SOCIEDAD • SUBNOTA
› Por Carlos Rodríguez
“Como padre, recién me di cuenta de que las cosas estaban mal cuando un día, mientras íbamos en el coche, hacia la cancha, mi hijo prendió un porro adelante mío y en el preciso momento en que nos paraban unos policías. ‘¡Qué, no sabés que fumo marihuana!’ me dijo sin inmutarse. Era como un desafío, pero a la vez fue, como entendí después, un pedido de ayuda.” Jaime es arquitecto y su hijo, que hoy tiene 20 años, llegó al tratamiento con una carga importante de marihuana y cocaína. Hoy, casi dos años después, el mismo padre comenta algo que le parece demostrativo de cómo cambió la relación con su hijo: “Nunca le interesó mi profesión de arquitecto, la despreciaba. Sin embargo, acá, en esta casa, un día nos pusimos a arreglar juntos la parrilla. Nunca en la vida habíamos hecho un trabajo físico juntos. A mí me pareció algo maravilloso”.
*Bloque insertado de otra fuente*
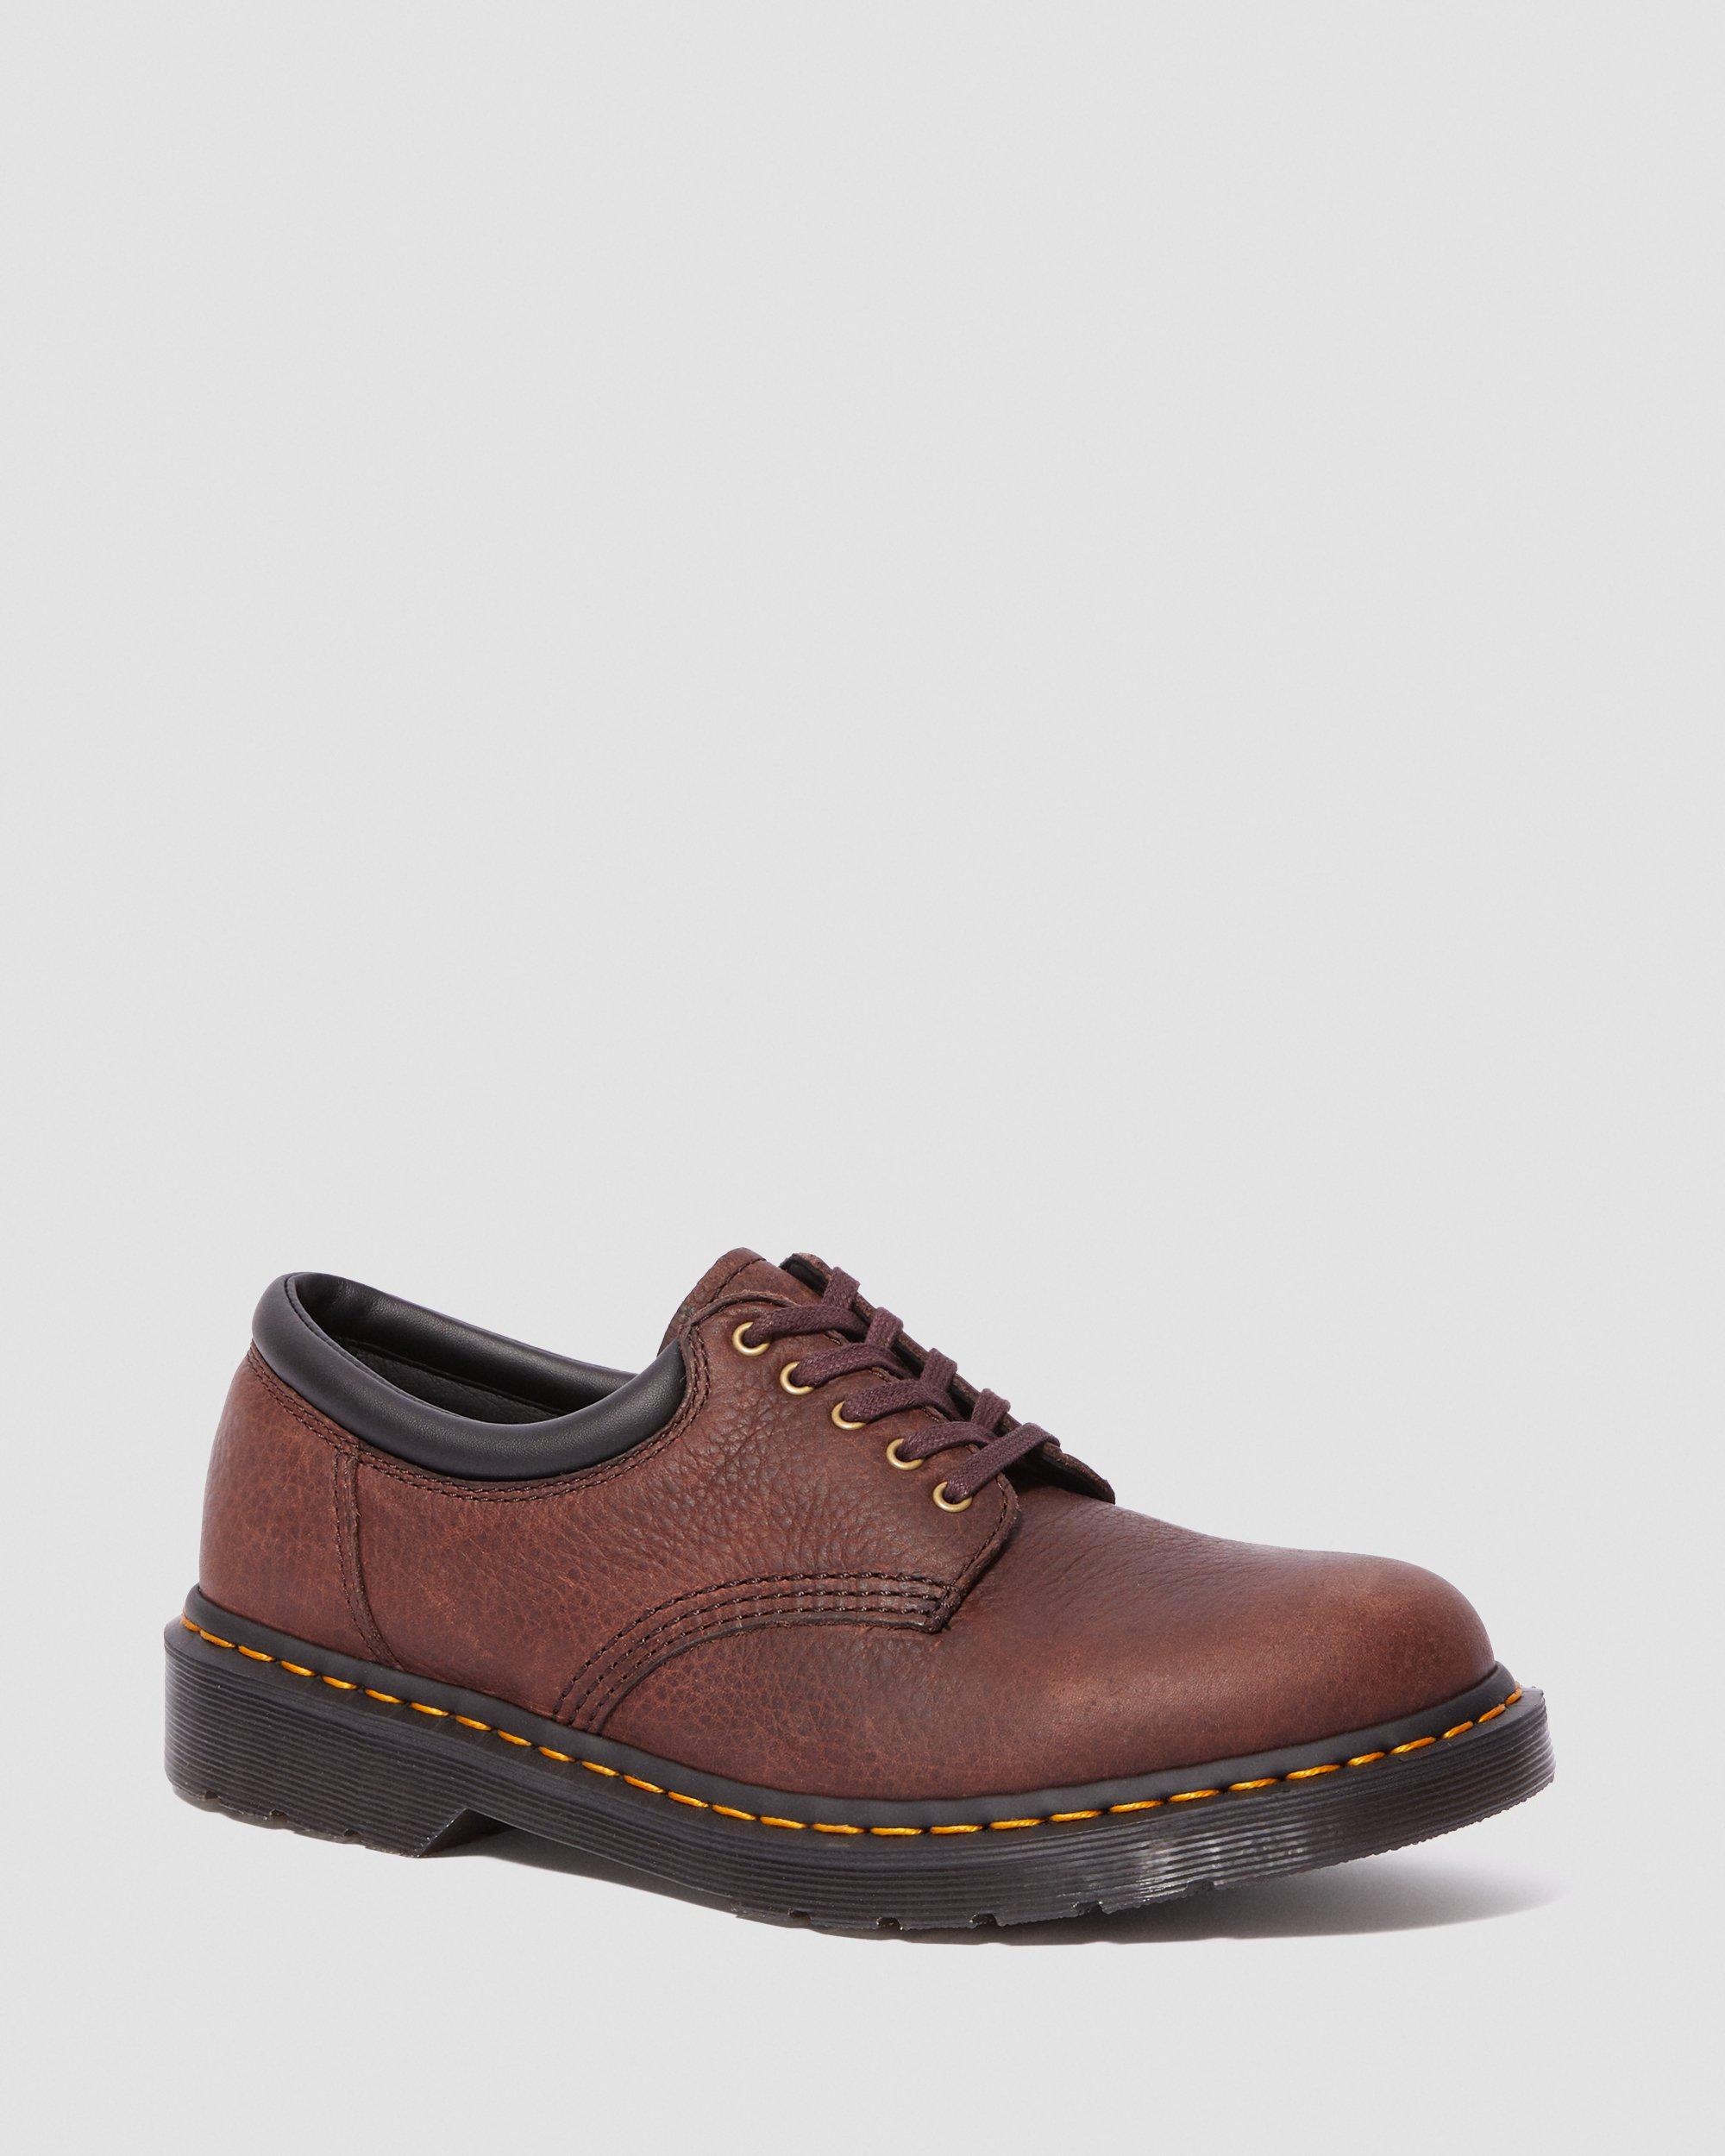 8053 LEATHER PADDED COLLAR SHOES | Dr. Martens

Adriana vivía con su marido en un pueblo cercano a Chivilcoy, mientras su hijo, que hoy tiene 27 años, se había venido a Buenos Aires. “Cuando mi hijo se puso mal, muy mal, recién allí nos dimos cuenta de que le habíamos dado un amor malentendido. Siempre lo habíamos sobreprotegido, le cambiábamos el pañal antes de que se ensuciara.” Hoy, después de dos años de tratamiento, “la relación familiar cambió totalmente. Siento que en este tiempo, por todo el esfuerzo que está haciendo para salir de la droga, cómo está saliendo, lo que nos está dando es lo más importante que nos ha dado en sus 27 años. Yo lo siento así”.
Jaime admite que no creía, al principio, en la eficacia del tratamiento y en los resultados que veía en los otros chicos que habían llegado antes que su hijo. “Acá, cuando alguno de los chicos tiene el alta, se hace una fiesta y pasan cosas increíbles. La alegría de todos, la solidaridad, el festejo. Yo pensaba que era todo preparado, pero después, cuando las cosas se repetían cada vez, me convencí.” Por eso, Jaime propone “que sea obligatorio para todas las familias venir a hacer el tratamiento, porque esto nos cura a todos. Desde que viene mi hijo no falté a una sola de las reuniones de padres que se hacen todas las semanas. Es un compromiso ineludible y una satisfacción, así lo sentimos”.
Cuenta Adriana que su hijo, y muchos de los chicos que llegan al programa, “vienen con la autoestima muy baja. Lo que pasa es que nosotros como padres les exigimos que sean los mejores, sin darles espacio a ser como ellos quieran ser. Los padres nos ayudamos mutuamente y hemos comprendido que todos los chicos no tienen los mismos tiempos y hay que saber acompañarlos. Ellos son los primeros que se daban cuenta de que estaban metiendo la pata, que se habían convertido en un problema. Para sacarlos de esa situación, nosotros, como padres, tuvimos que crecer junto con ellos y empezar todo de nuevo”.